# Data Lake Delta Files



Socotra supports the replication of Data Lake tables to your own data infrastructure via a series of delta files.
Appropriately permissioned API clients can list and retrieve the relevant files via a pair of endpoints optimized for programmatic consumption.

Getting Started with Data Lake Delta Files [#getting-started-with-data-lake-delta-files]

<Callout>
  Delta File generation is not enabled by default. Contact your Socotra representative for onboarding details.
</Callout>

Overview [#overview]

Consuming the Socotra [Data Lake Delta file API](/api/reporting/data-lake-delta-file) involves a recursive, two-step process:

1. Get an index of available files for a given table.
2. Retrieve the necessary individual files.

The delta files are provided in `sql` or `csv` format, containing all requisite upsert statements (for `sql`) or updated records (for `csv`) to replicate table records in the correct format and order.

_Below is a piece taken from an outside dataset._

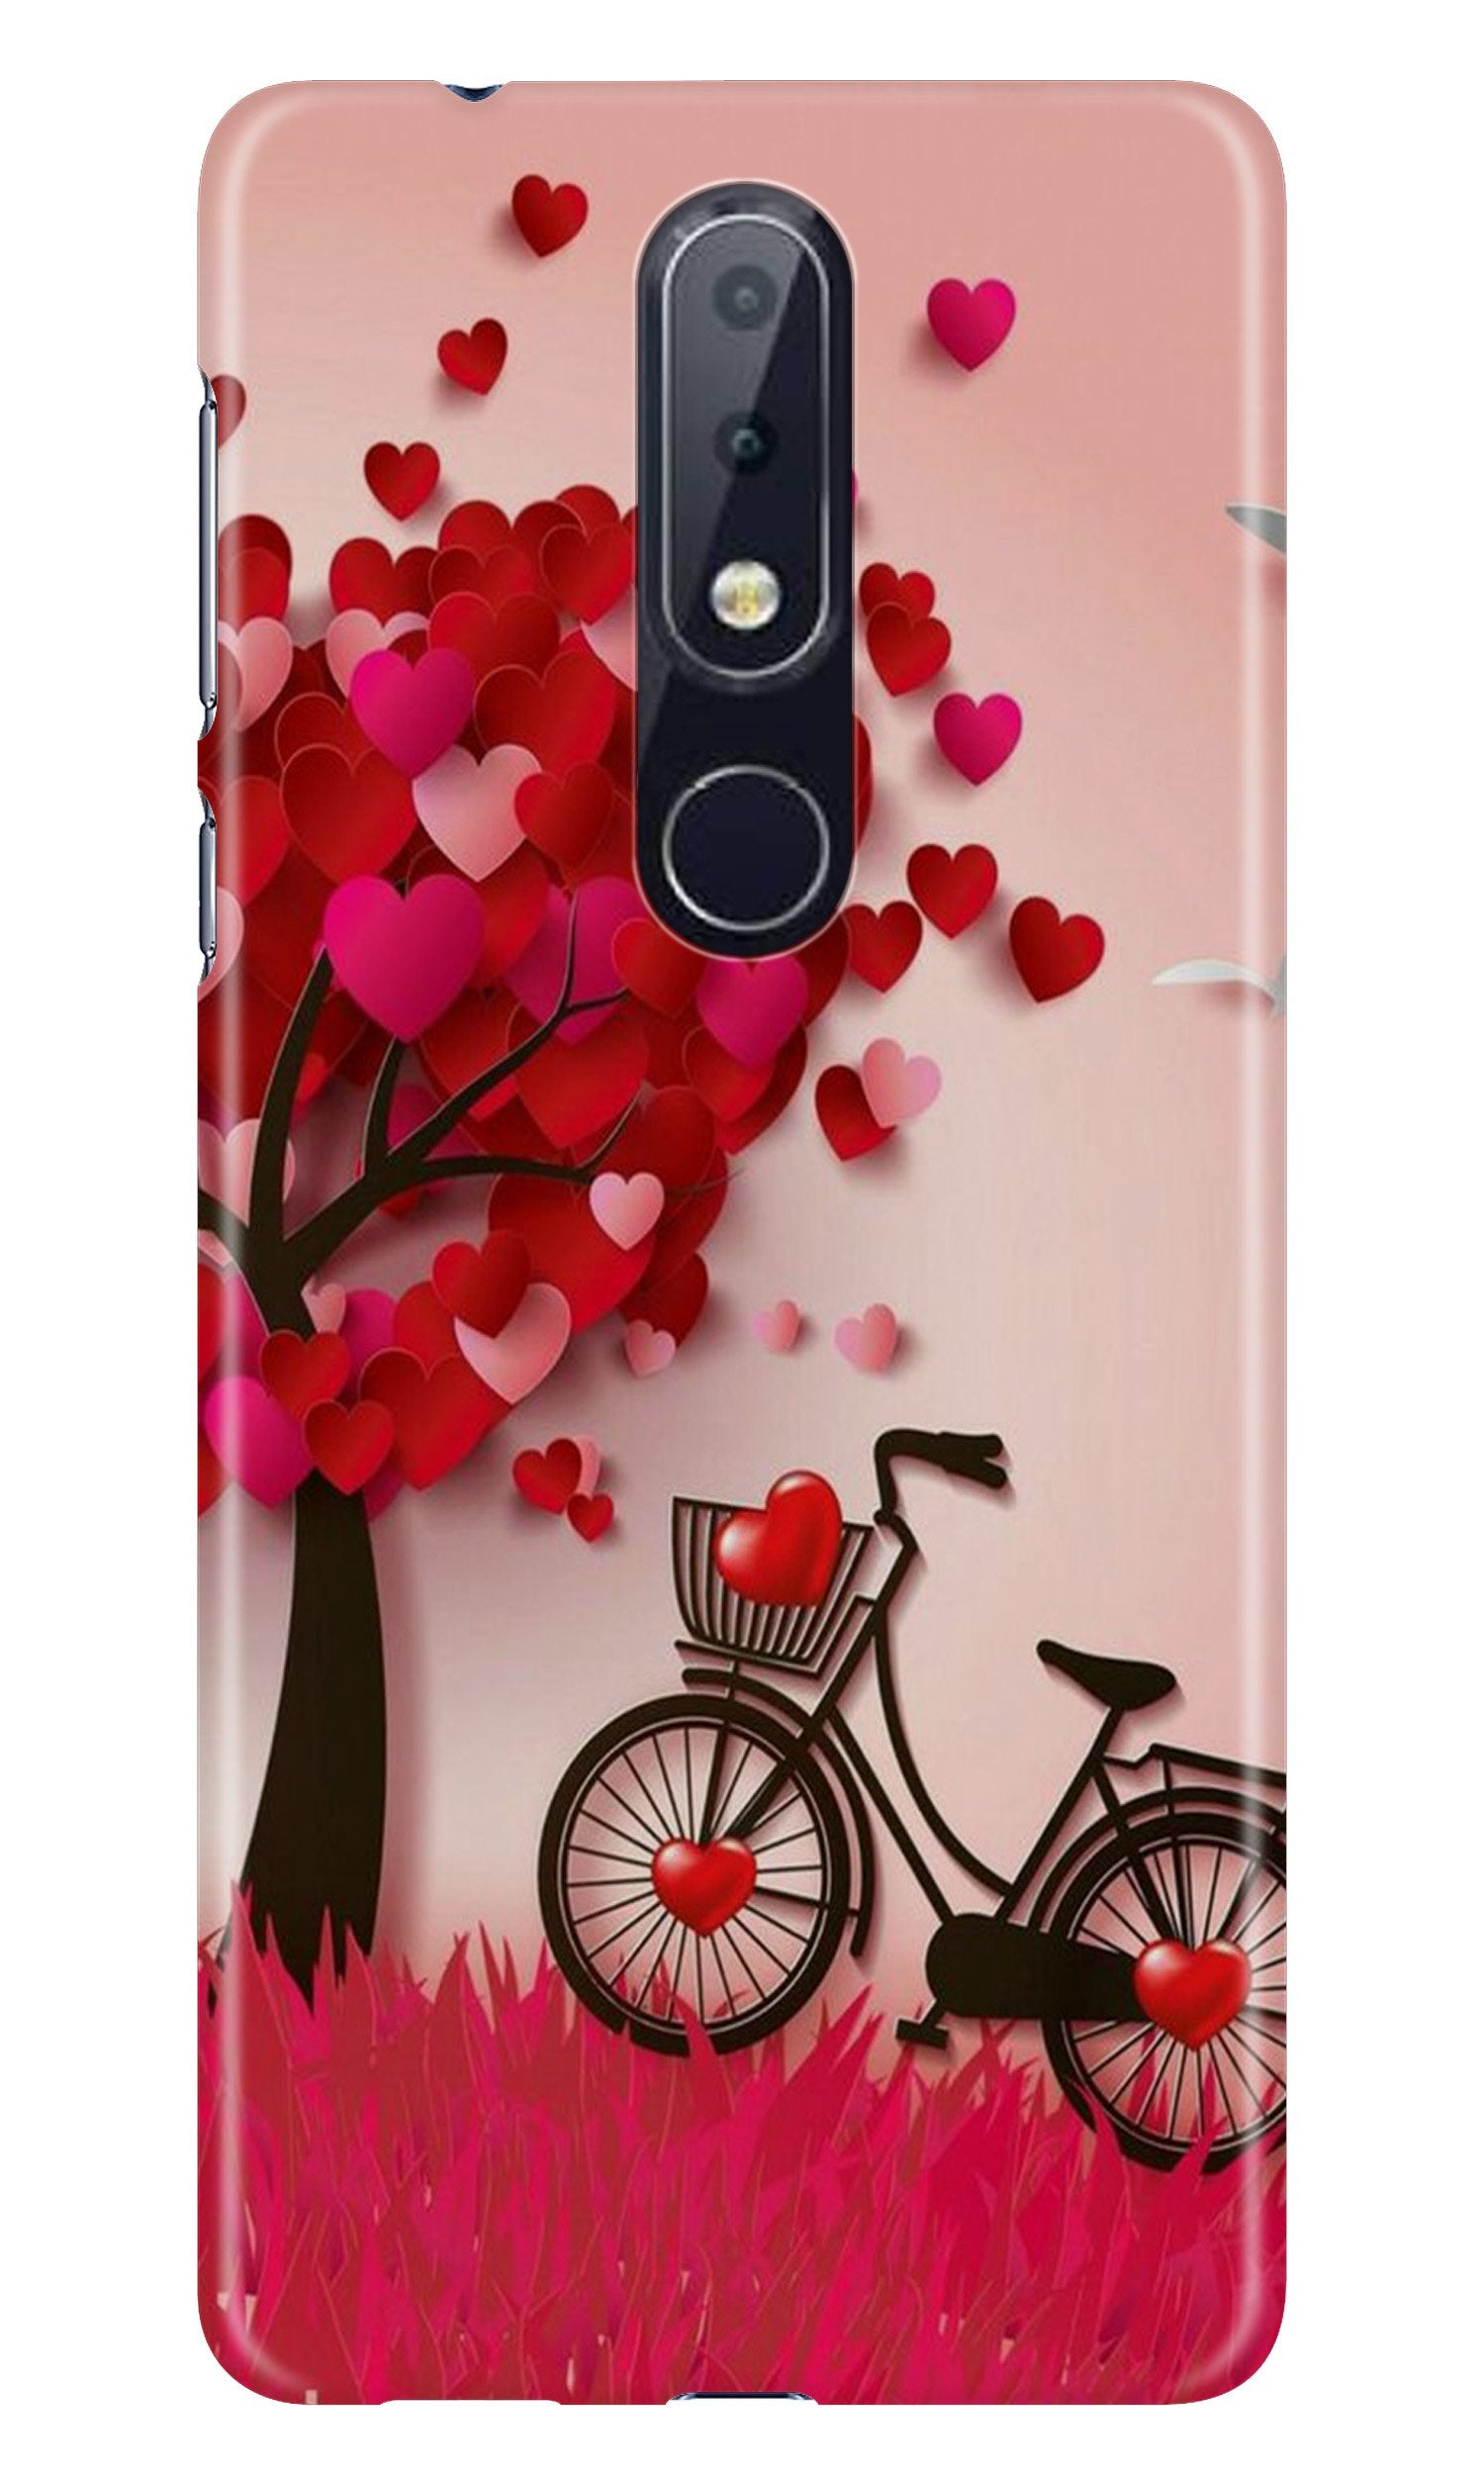 Red Heart Cycle Case for Nokia 7.1 (Design No. 222)

Delta files in `csv` format follow :rfc:`4180` formatting, with comma delimiters and standard quote escaping for fields containing special characters, and `null` values are represented as empty fields.

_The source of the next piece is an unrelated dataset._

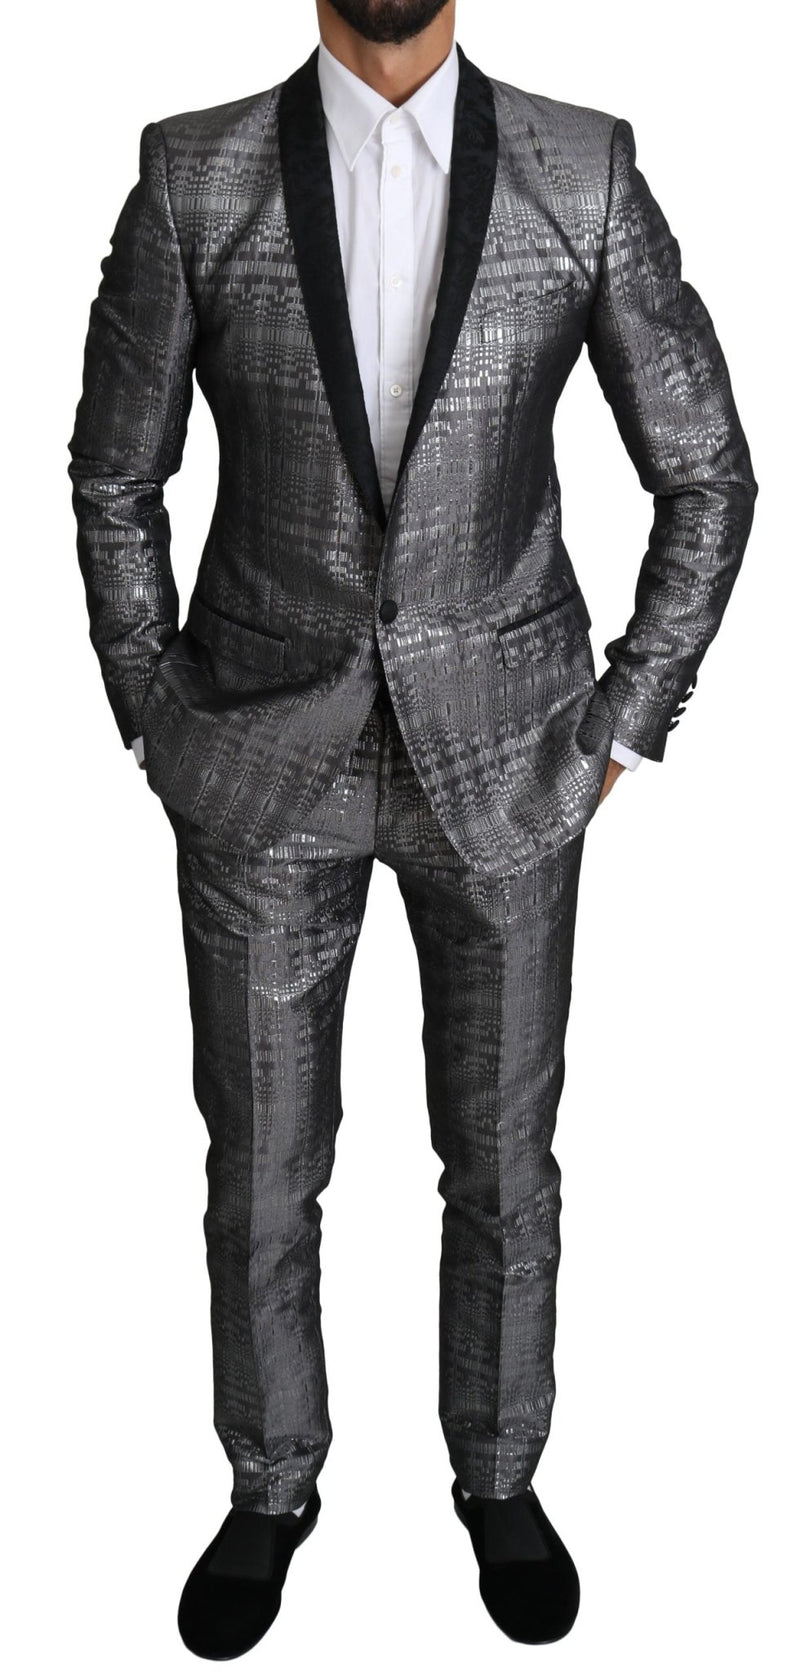 GOLD Silver Single Breasted 2 Piece Suit - Avaz Shop

In order to ensure a complete and accurate replication, all delta files for a given table's latest schema version must be consumed, and in the order in which they are presented within the index.

While each delta file enumerated in the index array will include metadata related to the generation of that file's contents, it is not recommended to rely on that metadata to derive the correct order of consumption. **The system handles and guarantees this via the ordering of the files in the index array**.

The maximum size of a delta file is 1000 statements (for `sql`) or 1000 rows (for `csv`).

<Callout>
  There may be more delta files available than can be returned in a single index response. See the section on pagination below.
</Callout>

Delta files are generated at most once every two hours following Data Lake updates. If an update occurs within two hours of the previous delta file generation, the system will generate the next set once the interval has elapsed. This two-hour interval is configurable by environment.

Schema Versioning [#schema-versioning]

Since the schema of any source Data Lake table may evolve over time, each table consumed via the Delta File API has a corresponding version number. The version number is a sequentially incrementing integer.

When a source table schema update occurs, a new schema version is automatically made available in the Delta File API, and all historical data is regenerated into the newest version. Historical versions will remain available, but updated delta files will not be generated for it.

For each table's schema version, files containing the requisite `drop` and `create` statements are also provided.

On first consumption of the Delta File API, the `create` statement will be needed. The `drop` and `create` files will be used in sequence when a new table schema version becomes available.

Pagination [#pagination]

The number of files available for a specific table and schema version may vary based on data volume and growth rate. The Index API response is limited to 100 Delta files per request. If more than 100 files exist, the consuming client must paginate through results.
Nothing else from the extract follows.